Fp8 runs ~100 tflops faster when the kernel name has "cutlass" in it
(github.com)71 points by mmastrac 2 hours ago
71 points by mmastrac 2 hours ago
I much prefer this over those AI generated commit messages that just say "reactored X" every single commit.
This was discussed before at the time the PR was created and there's nothing new that I can see.
Someone really needs to learn to use `git commit --amend`. Almost 100 commits with pointless commit messages like "wip" or "x"? Be kinder to your reviewers...
It really depends on details.
If intentionally slowing non CUTLASS shaders, sure pitchfork time.
If it's an option that /technically/ breaks the CUDA shader compatibility contract, then enabling it in specific "known good" situations is just business as usual for GPU drivers.
That can be for all kinds of reasons - straightforward bugs or incomplete paths in the optimization implementation, the app not actually needing the stricter parts of the contract so can have a faster path, or even bugs in apps that need workarounds.
Though piggybacking into these without understanding can be extremely fragile - you don't know why they've limited it, and you run the risk of tripping over some situation that will simply fail, either with incorrect results or something like a crash.

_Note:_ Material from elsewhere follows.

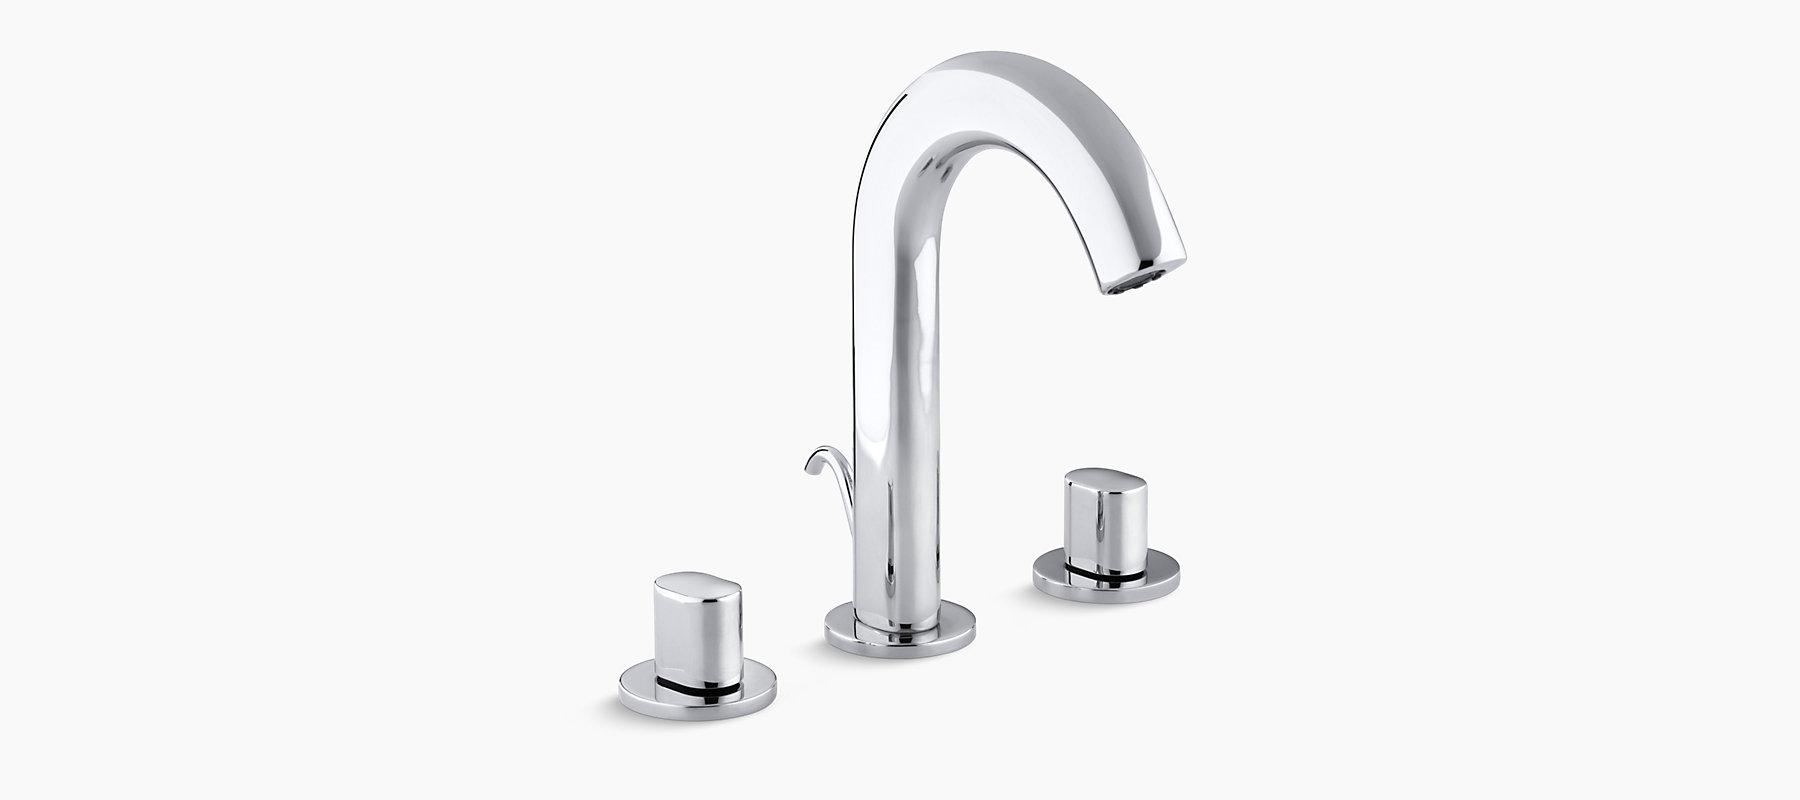 Oblo Widespread Bathroom Sink Faucet K 10086 9 Kohler

And possibly in rather unexpected, unpredictable situations.
https://github.com/triton-lang/triton/pull/7298#discussion_r...
> By disassembly of ptxas, it is indeed hard-coded that they have logic like: strstr(kernel_name, "cutlass").
> it is likely that, this is an unstable, experimental, aggressive optimization by NVIDIA, and blindly always enabling it may produce some elusive bugs.